Vehere: AI-Led Intelligence for Cyber and Signals Surveillance
Veher¬e, headquartered in Delhi, focuses on SIGINT solutions for national security agencies. Its platforms provide cyber defence, lawful interception, and deep network analysis using AI. In counterterrorism, Vehere’s systems help agencies monitor digital communication patterns, decode threats across networks, and detect malicious activities before they escalate.
As terror organisations increasingly rely on encrypted communication and digital anonymity, SIGINT has become more central to security operations. Vehere’s tools allow faster data interpretation and threat correlation across large digital ecosystems.

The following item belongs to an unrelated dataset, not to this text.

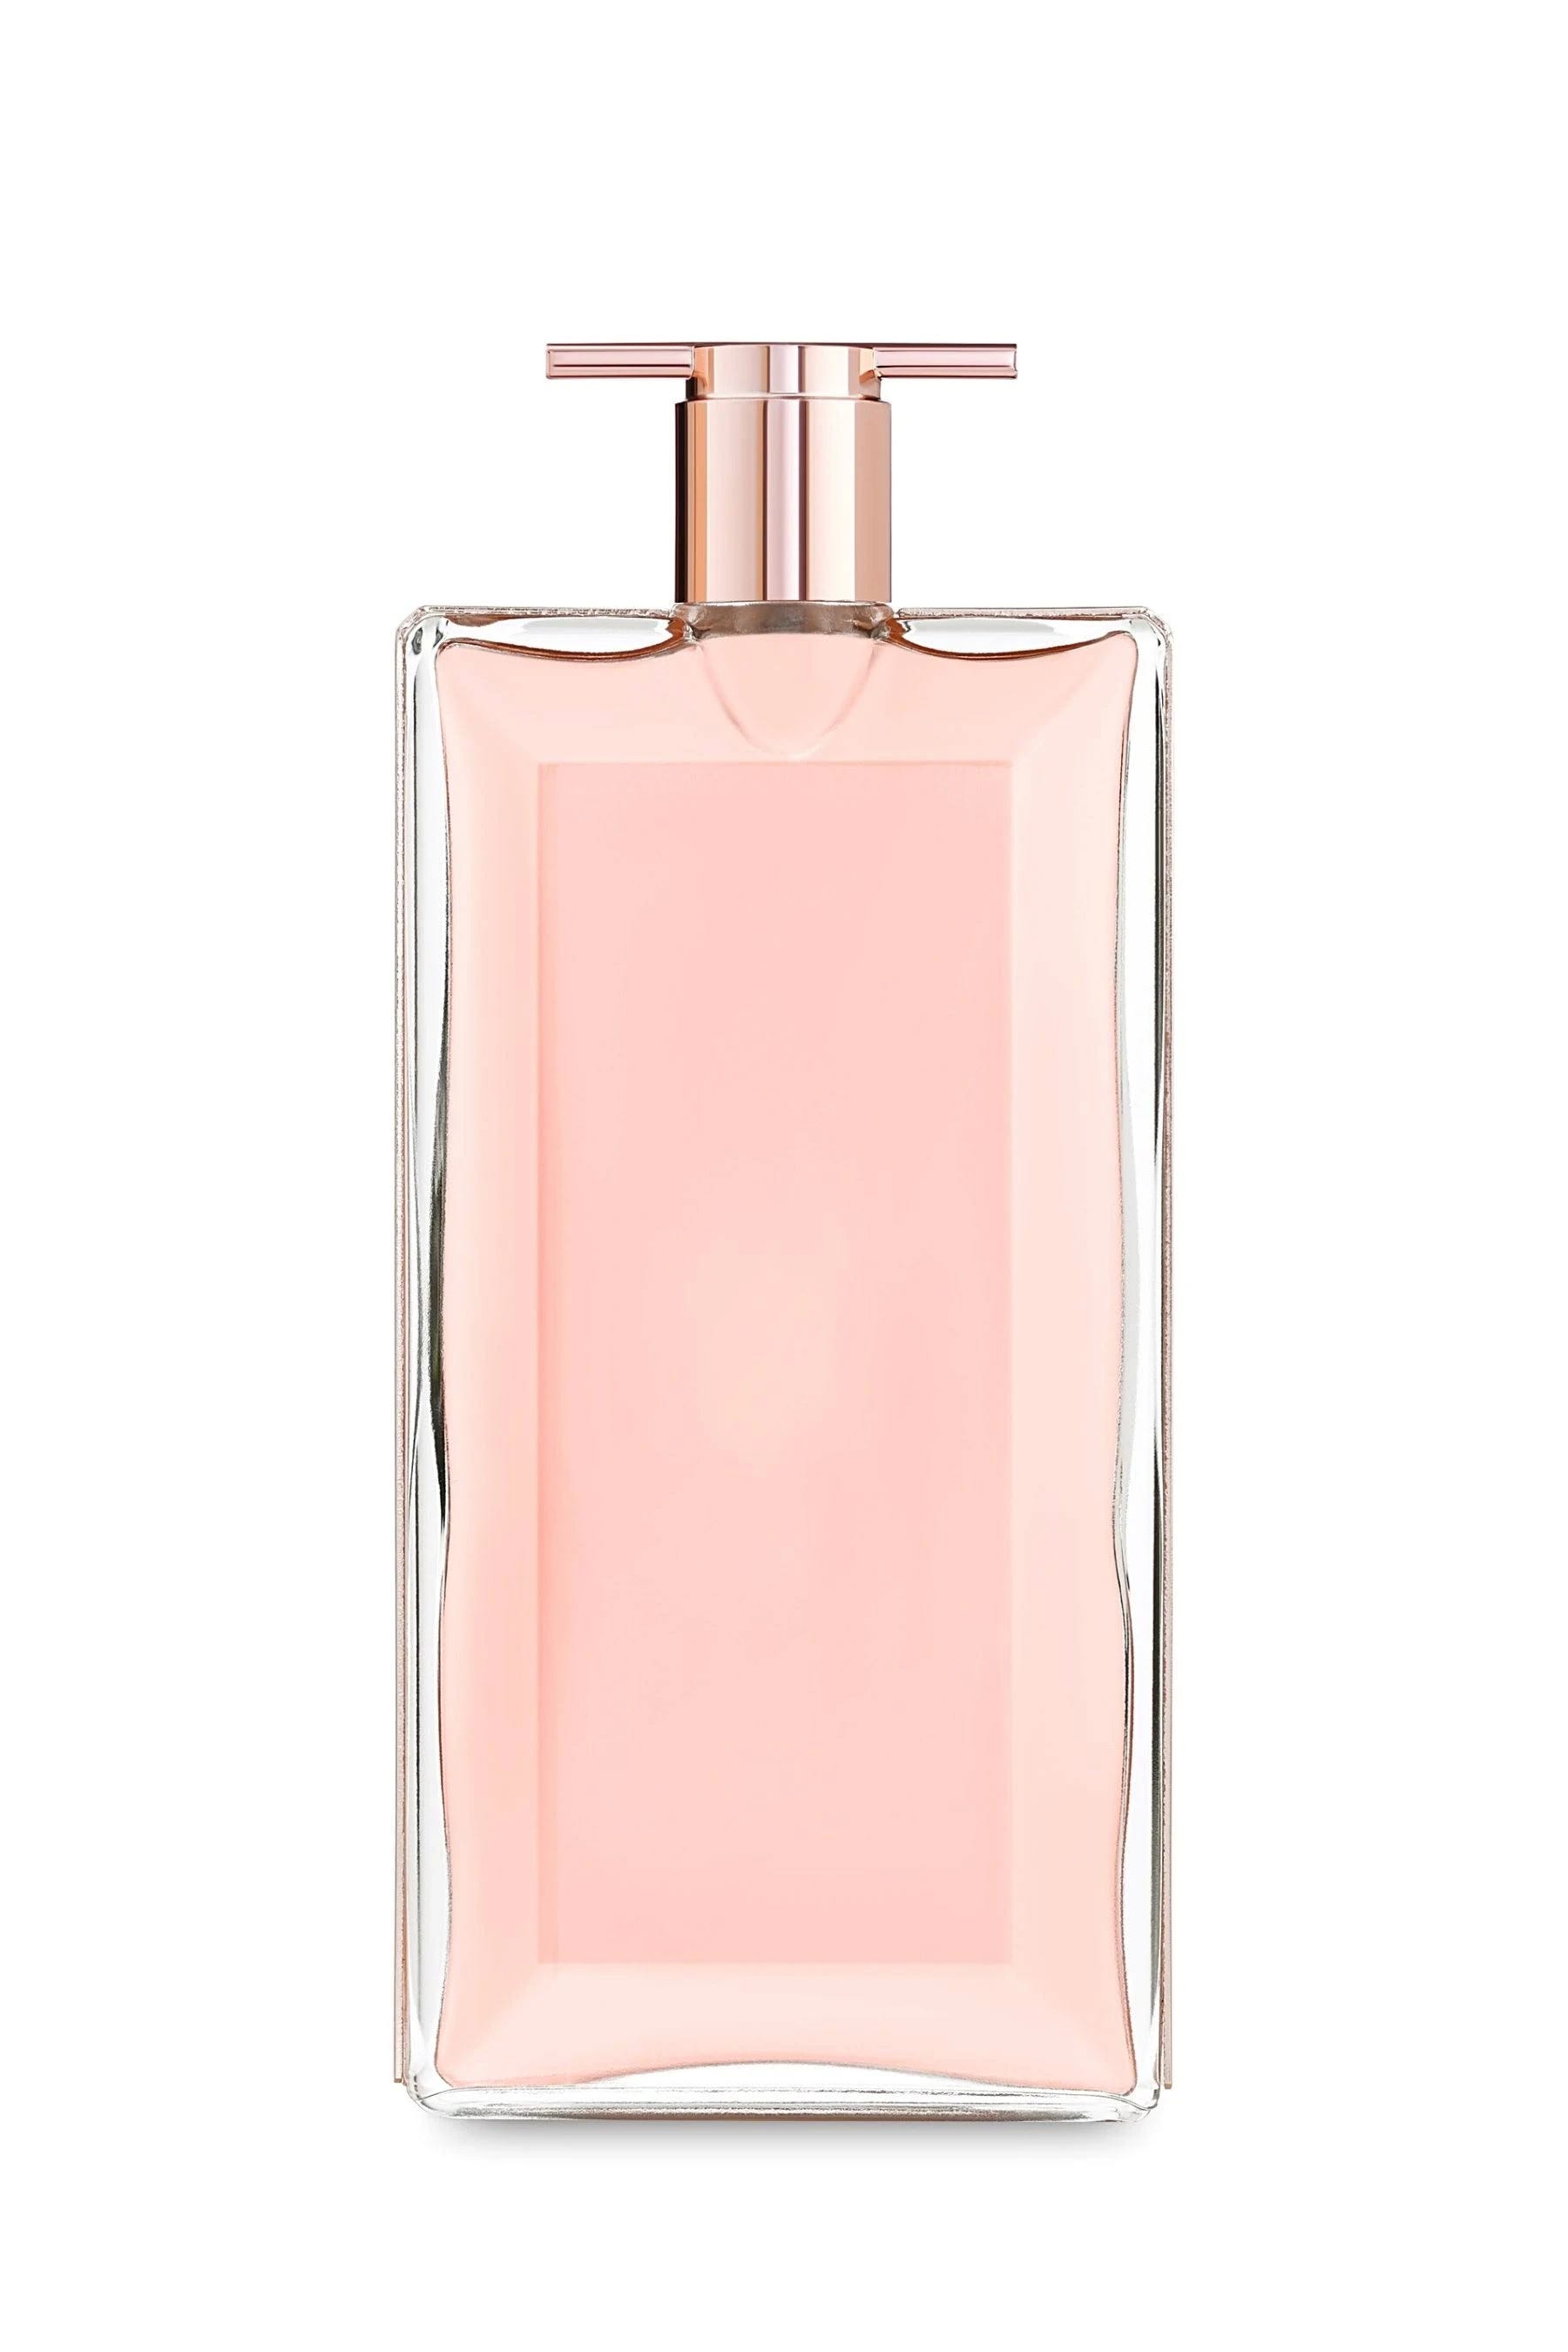 Lancome Idole Eau de Parfum Spray: Enjoy the Luxury of Scent | Image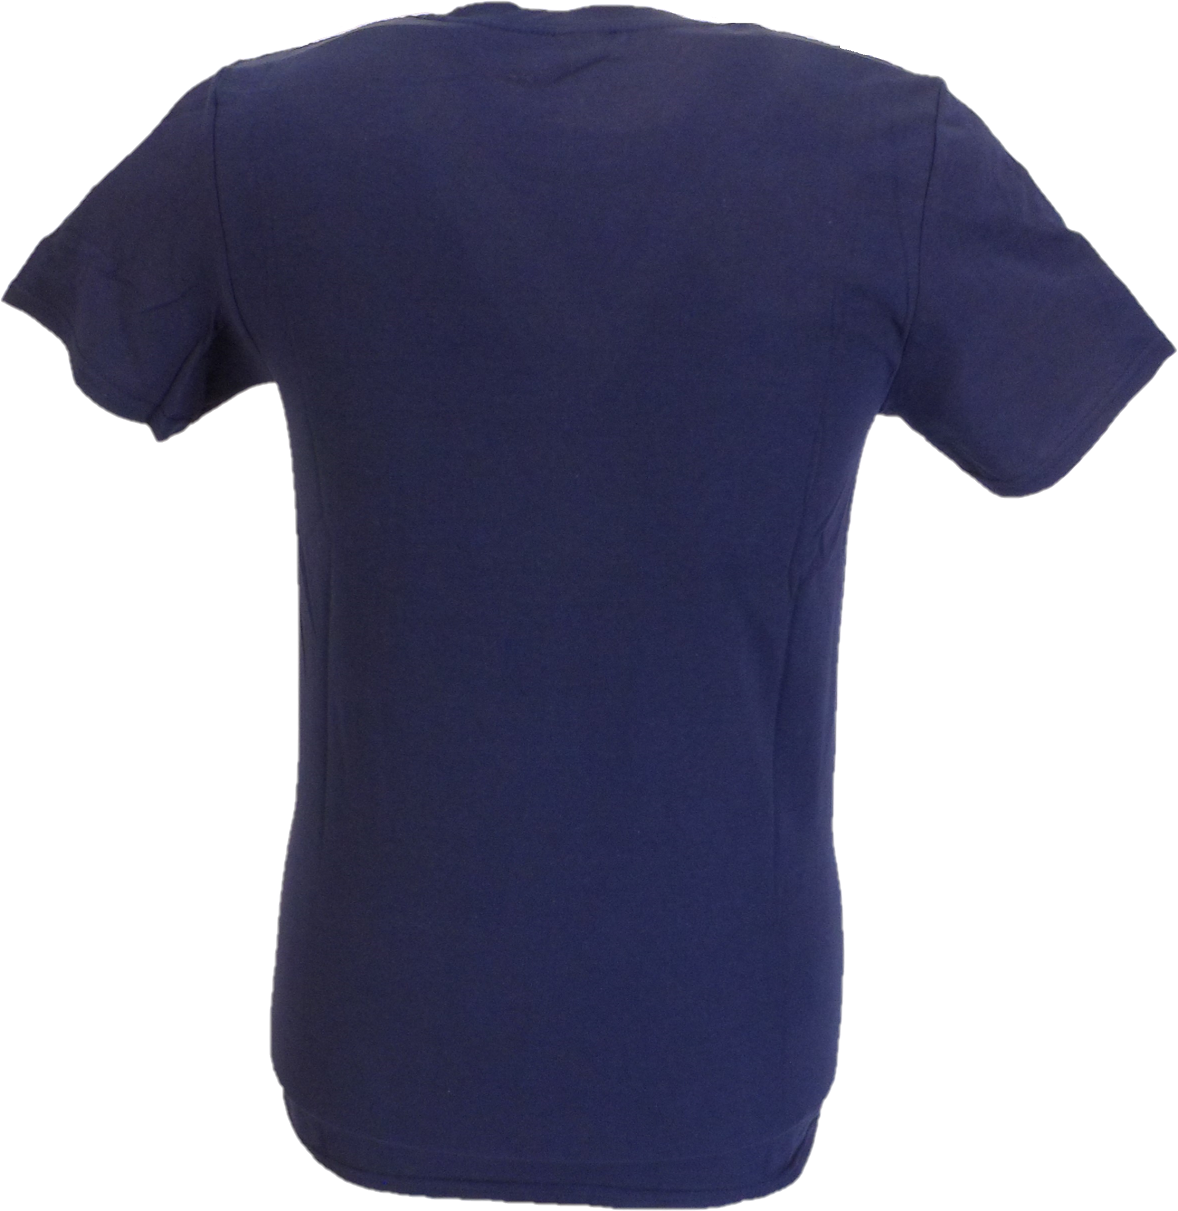 T-shirt ufficiale Madness a righe blu navy da uomo

CloudSEK: Monitoring the Internet’s Darkest Corners
Bengaluru-based CloudSEK operates in a domain that sits at the intersection of cybersecurity and national security. Its AI platform, XVigil, monitors the dark web, forums, and social media for early indicators of coordinated attacks or extremist mobilisation. For security agencies, this intelligence is invaluable, offering insights into attacker behaviour, intent, and planning cycles.
The company’s models observe threat chatter patterns, something increasingly important as radicalisation and operational planning move online.
How AI Is Transforming Counterterrorism Beyond Startups
Beyond individual companies, India’s AI push has created a broader ecosystem for predictive defence. Several machine learning systems today are trained on declassified datasets from attacks like 26/11 and the more recent Red Fort incident. These models recognise behavioural signatures such as unusual crowd movement, pre-attack communication spikes, or coordinated misinformation patterns.
When integrated with vast CCTV networks, maritime sensors, and urban IoT systems, AI can generate risk scores in real time, sometimes identifying threats in minutes rather than hours.
A Future of Promise and Caution
AI is not infallible. Models can misread signals, overlook context, or behave unpredictably under adversarial manipulation. Human intelligence and on-ground decision-making remain irreplaceable components of counterterrorism.
What AI does offer, however, is scale. And scale is what modern counterterrorism demands.
On this anniversary, Mumbai stands not just as a reminder of what was lost but as a blueprint for what has transformed. India’s AI startups are no longer peripheral players, they are co-architects of a security future designed to ensure that a night like 26/11 never repeats.